* Exercise data:
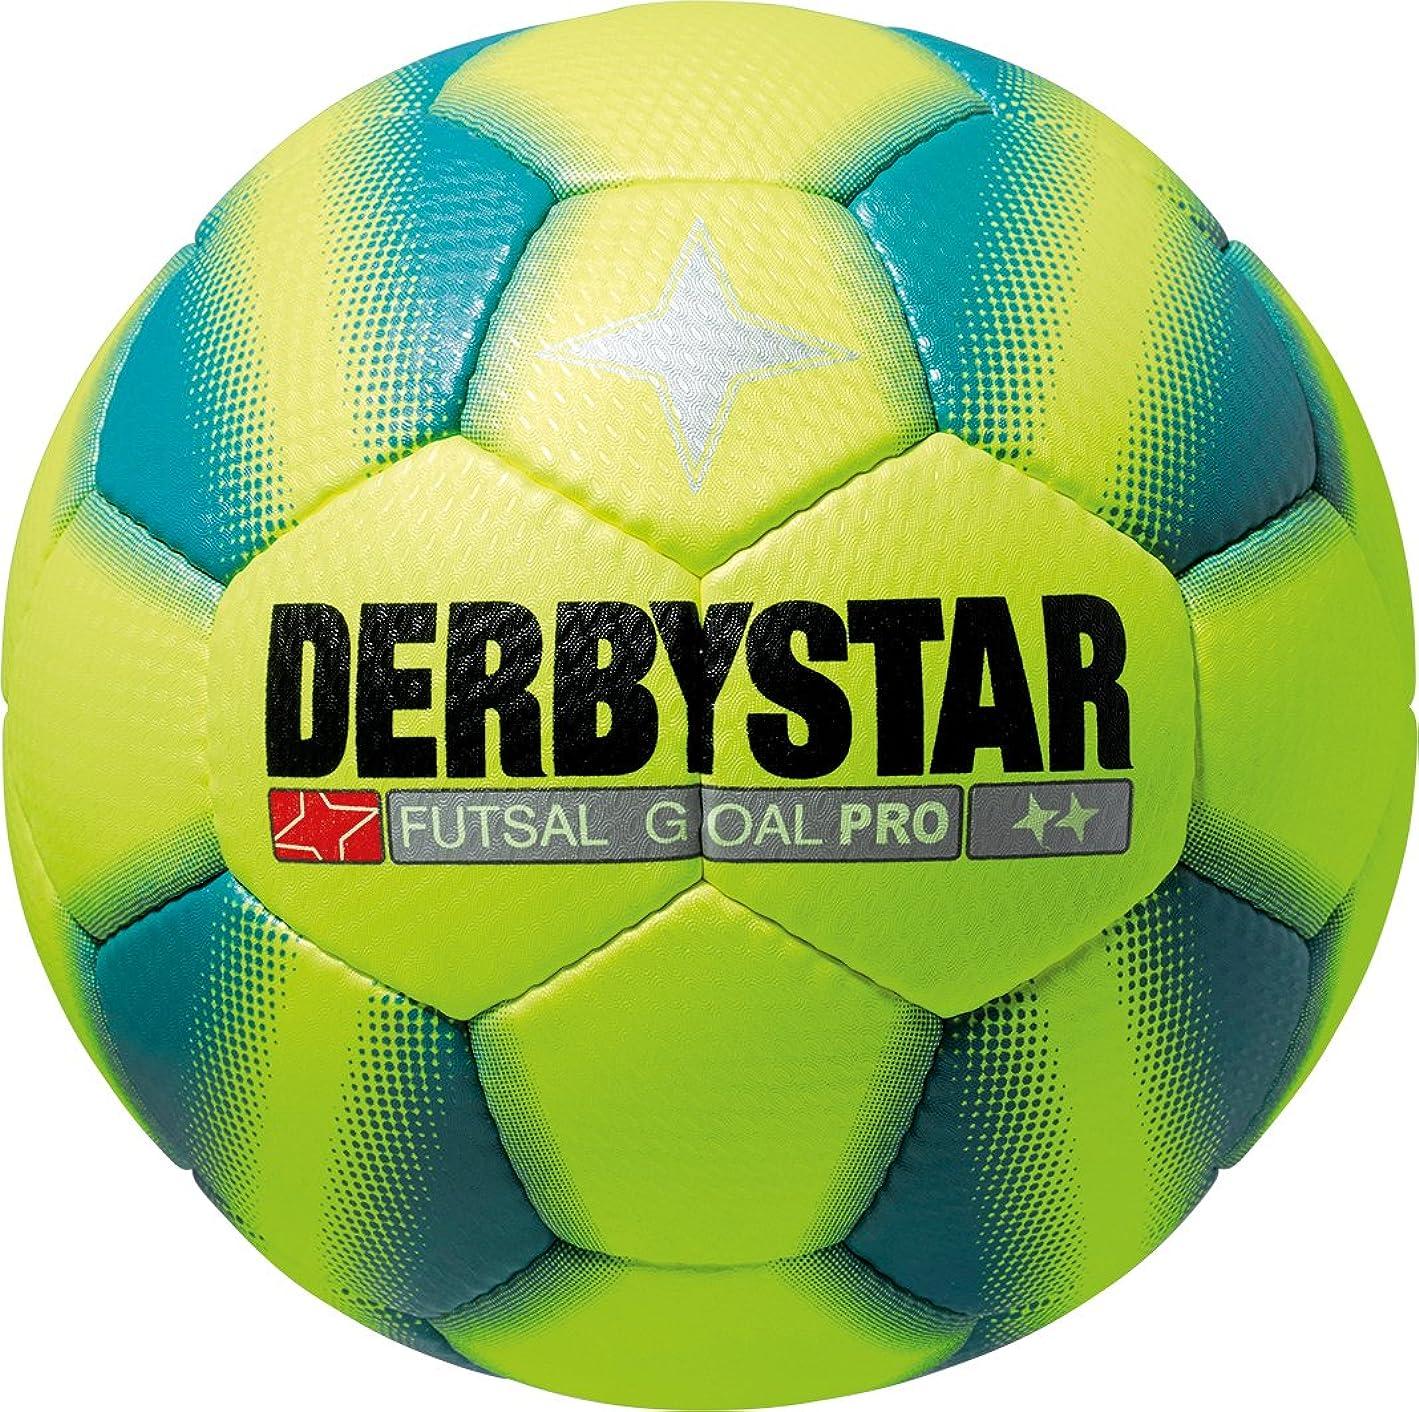 カメラアーティキュレーションプロフィールダービースター フットサルボール Futsal Goal Pro 4号球 2015-2017
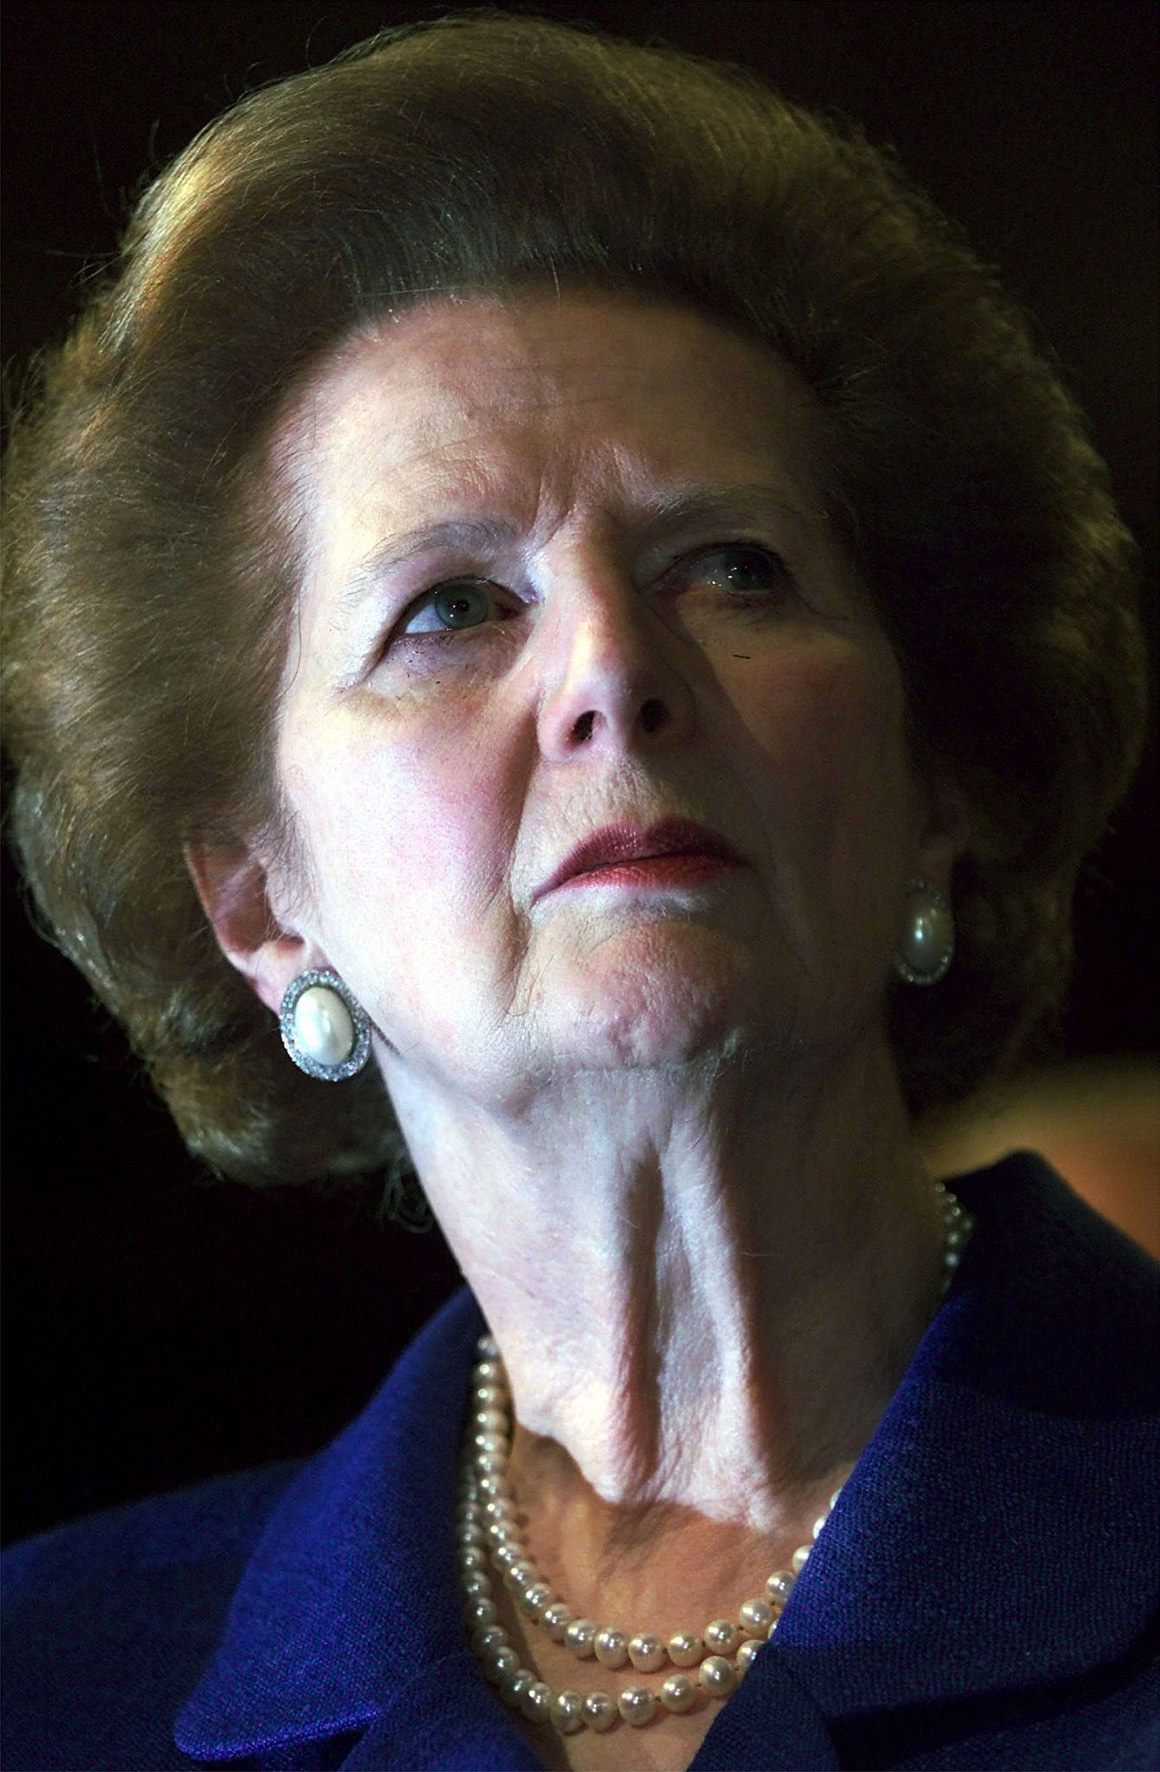 Thachter é tida como uma das pessoas mais influentes da política no século XX
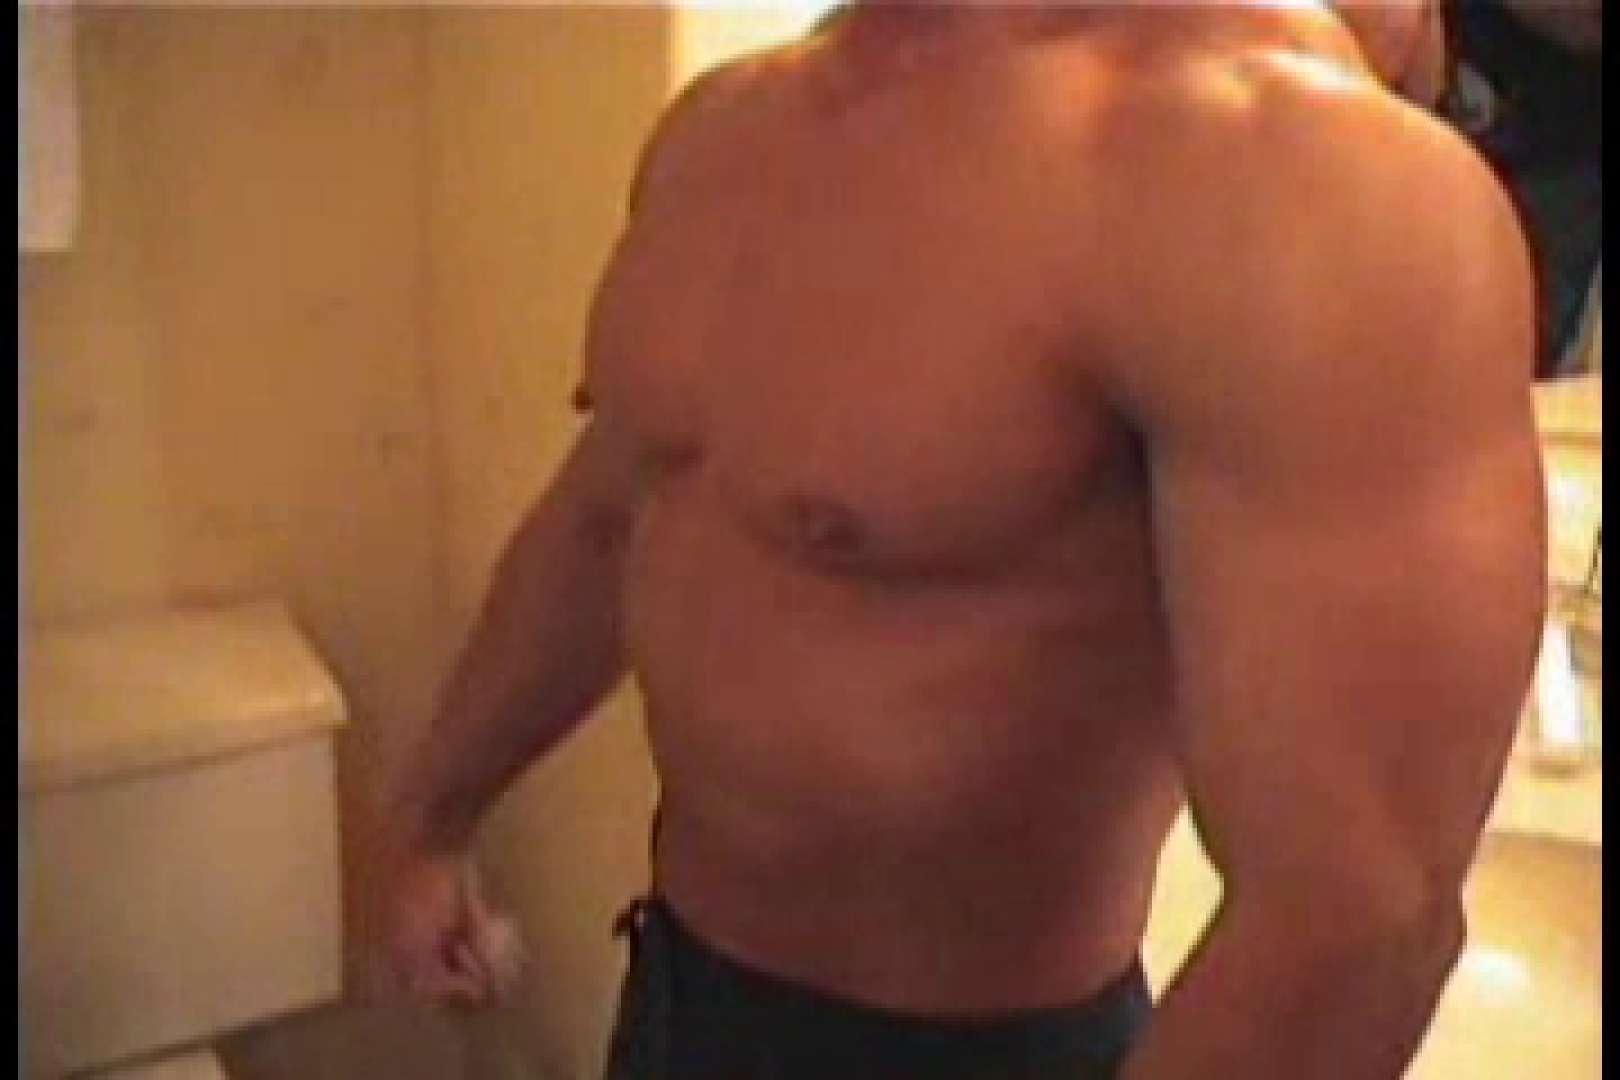 性器の味方ムキムキ覆面マッチョマン 男の世界   マッチョ  106画像 40

* Goal of the exercise: Please reproduce, exactly and only, the lines from the line containing "Thachter é tida" through the last line of the material above, minus any pictures.

* Result of the exercise:
 Thachter é tida como uma das pessoas mais influentes da política no século XX
 性器の味方ムキムキ覆面マッチョマン 男の世界   マッチョ  106画像 40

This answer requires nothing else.